TASK REQUIREMENTS>
For this exercise, copy the data exactly and omit any images.
== DATASET CONTENT ==
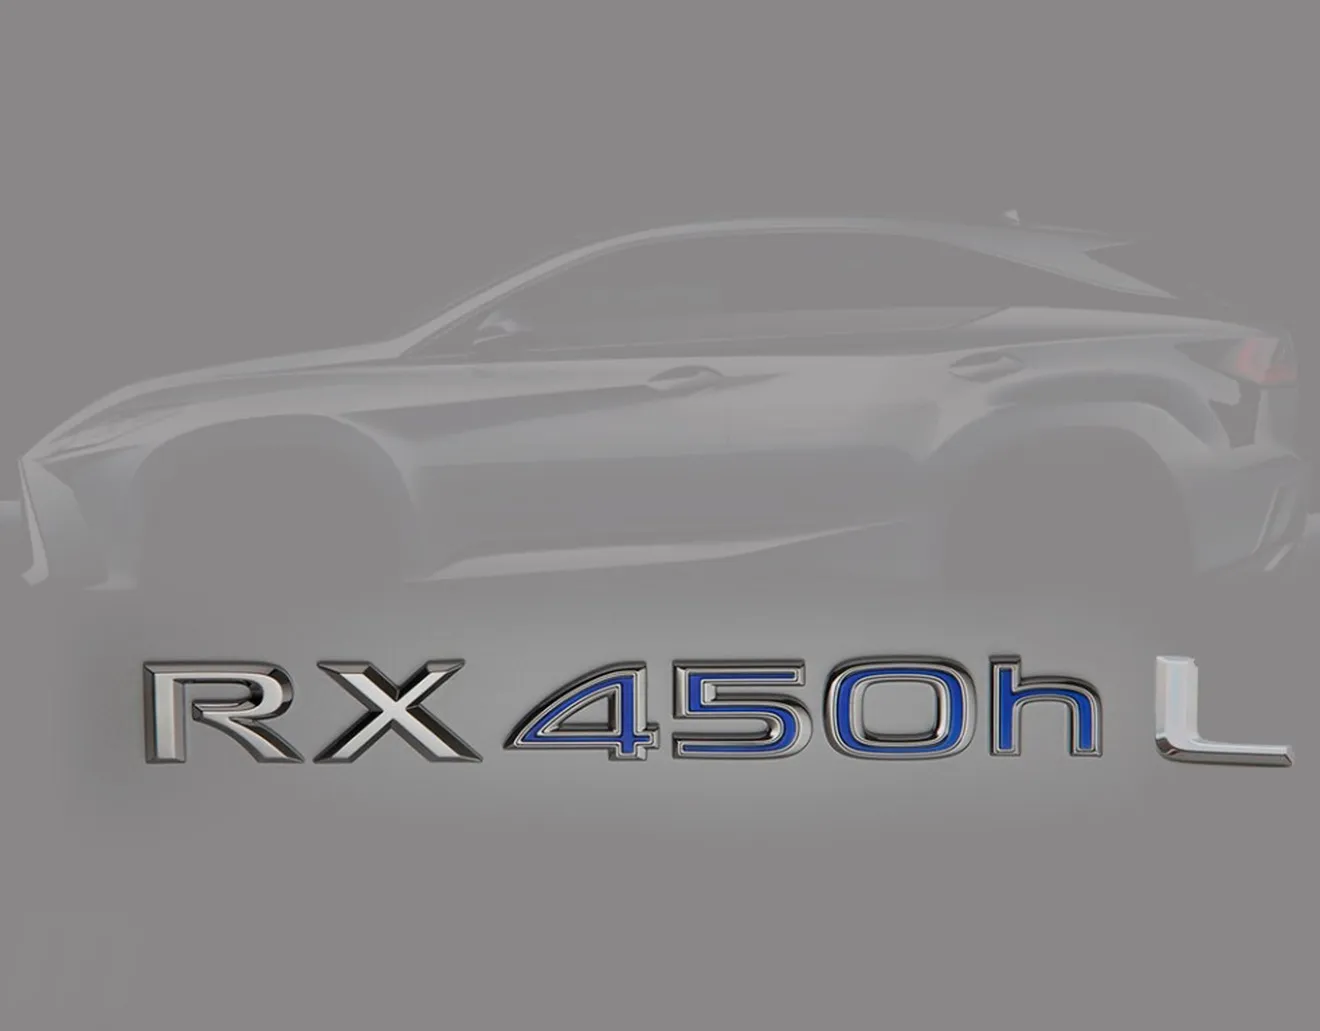 Lexus confirma que habrá un RX de siete plazas
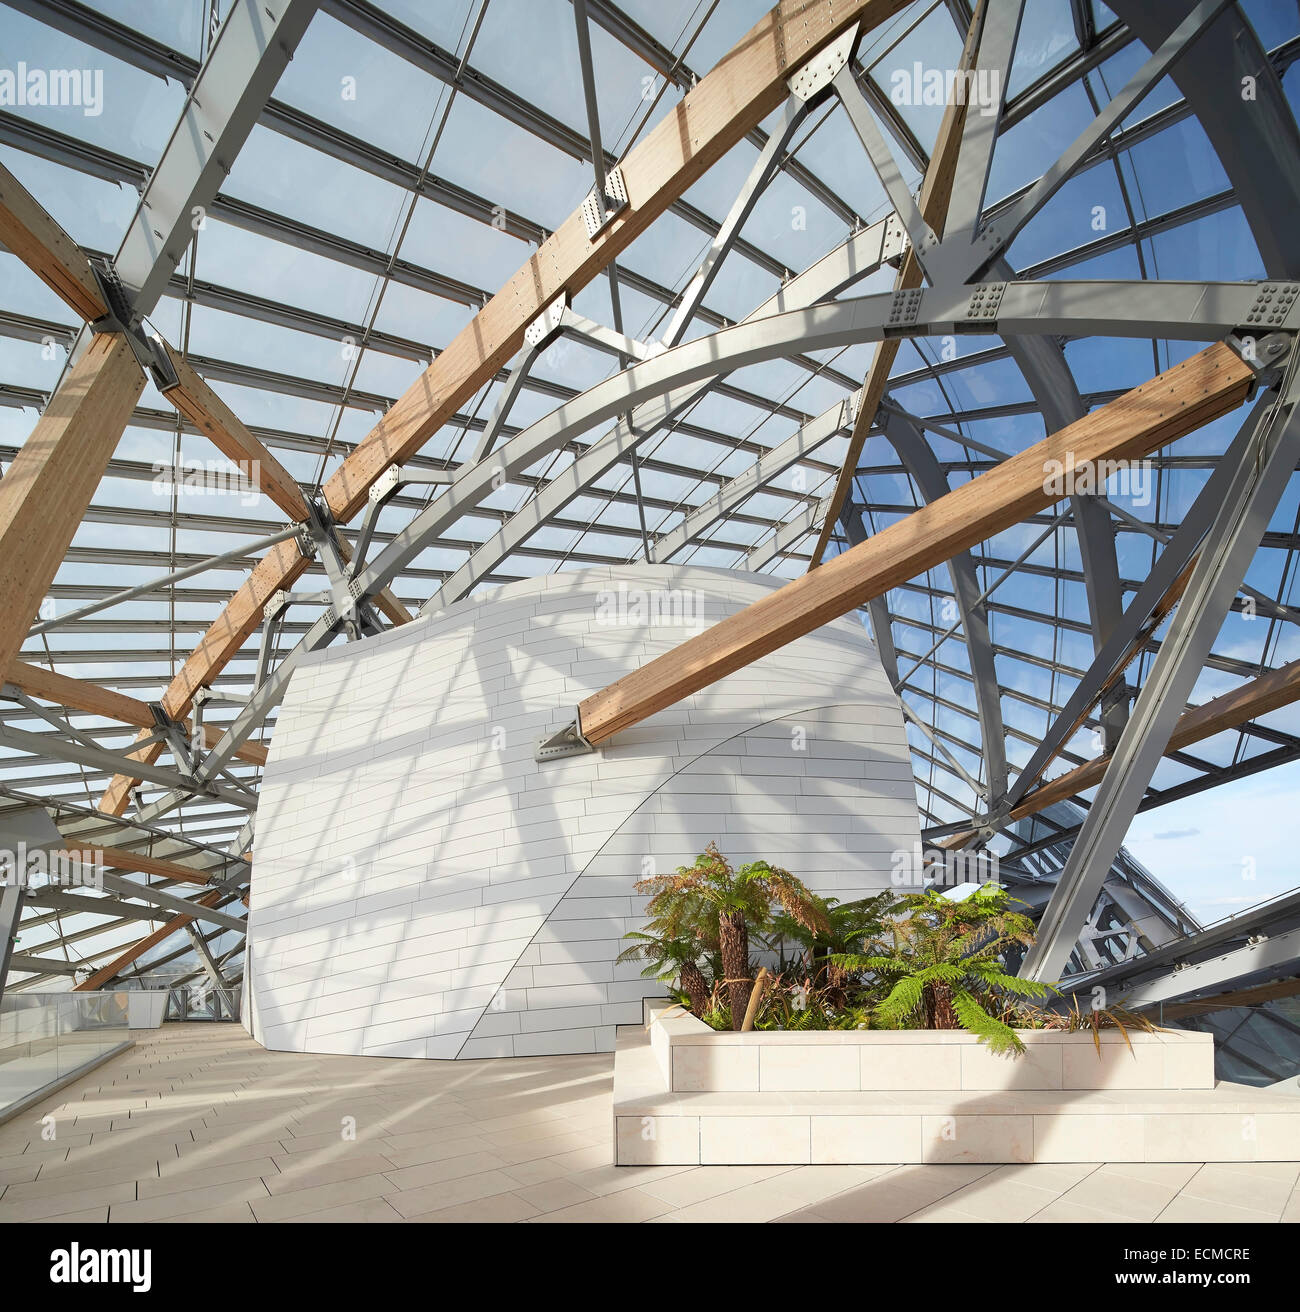 Fondation Louis Vuitton, Paris, France. Architect: Gehry Partners Stock Photo: 76666450 - Alamy
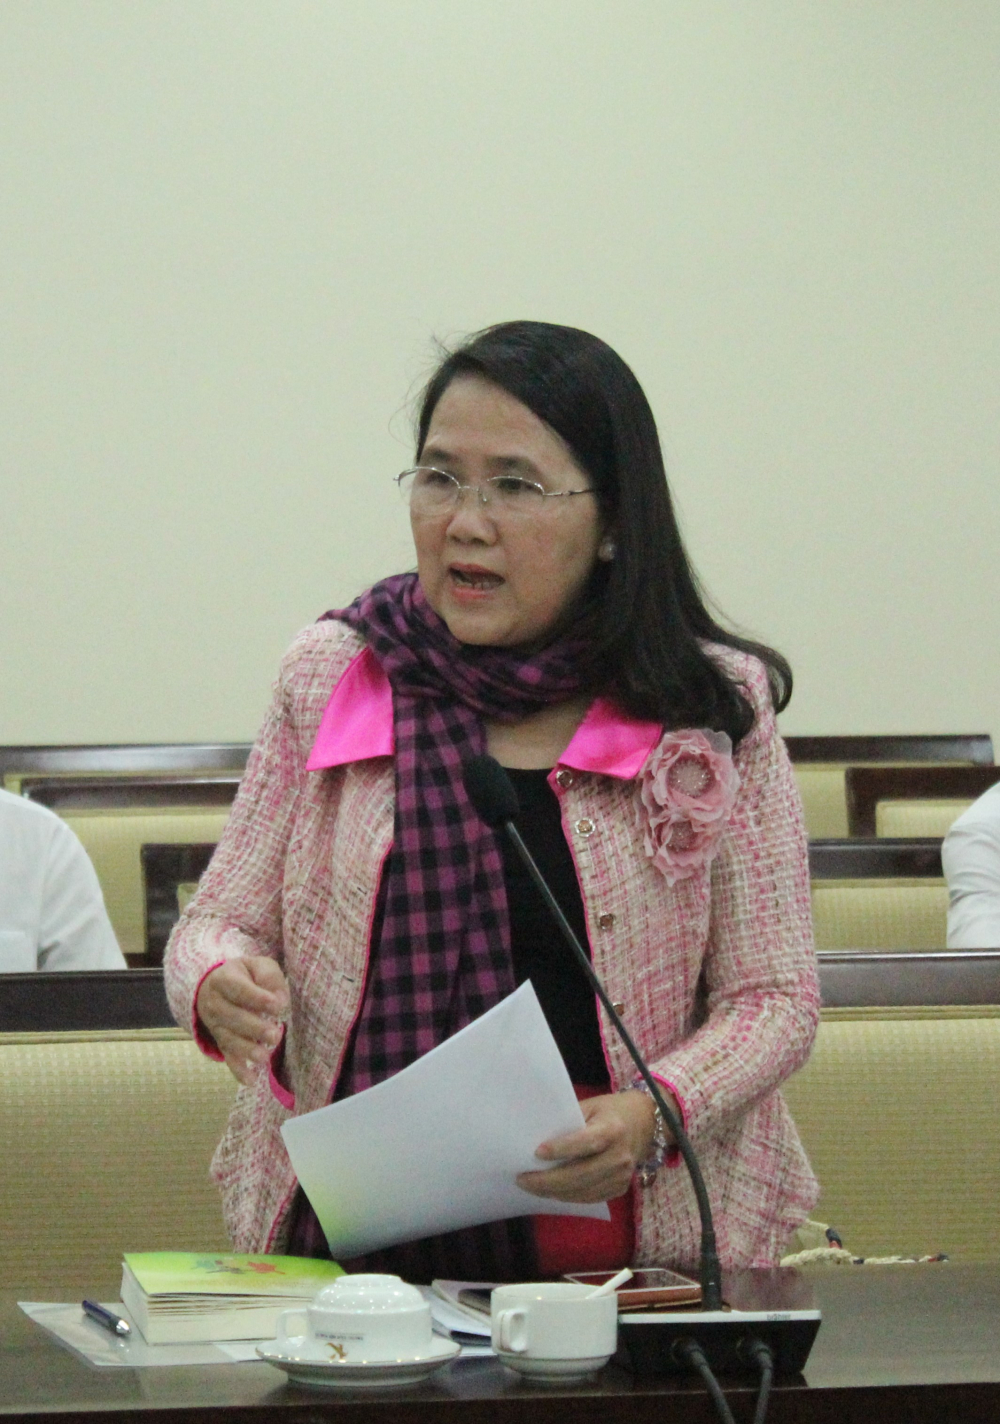 Bà Bùi Thị Ngọc Trang đề cao sự tôn trọng lẫn nhau và lòng chung thủy trong xây dựng gia đình bền vững.
===
EXPECTED OUTPUT>
 Lexus confirma que habrá un RX de siete plazas
 Fondation Louis Vuitton, Paris, France. Architect: Gehry Partners Stock Photo: 76666450 - Alamy
 Bà Bùi Thị Ngọc Trang đề cao sự tôn trọng lẫn nhau và lòng chung thủy trong xây dựng gia đình bền vững.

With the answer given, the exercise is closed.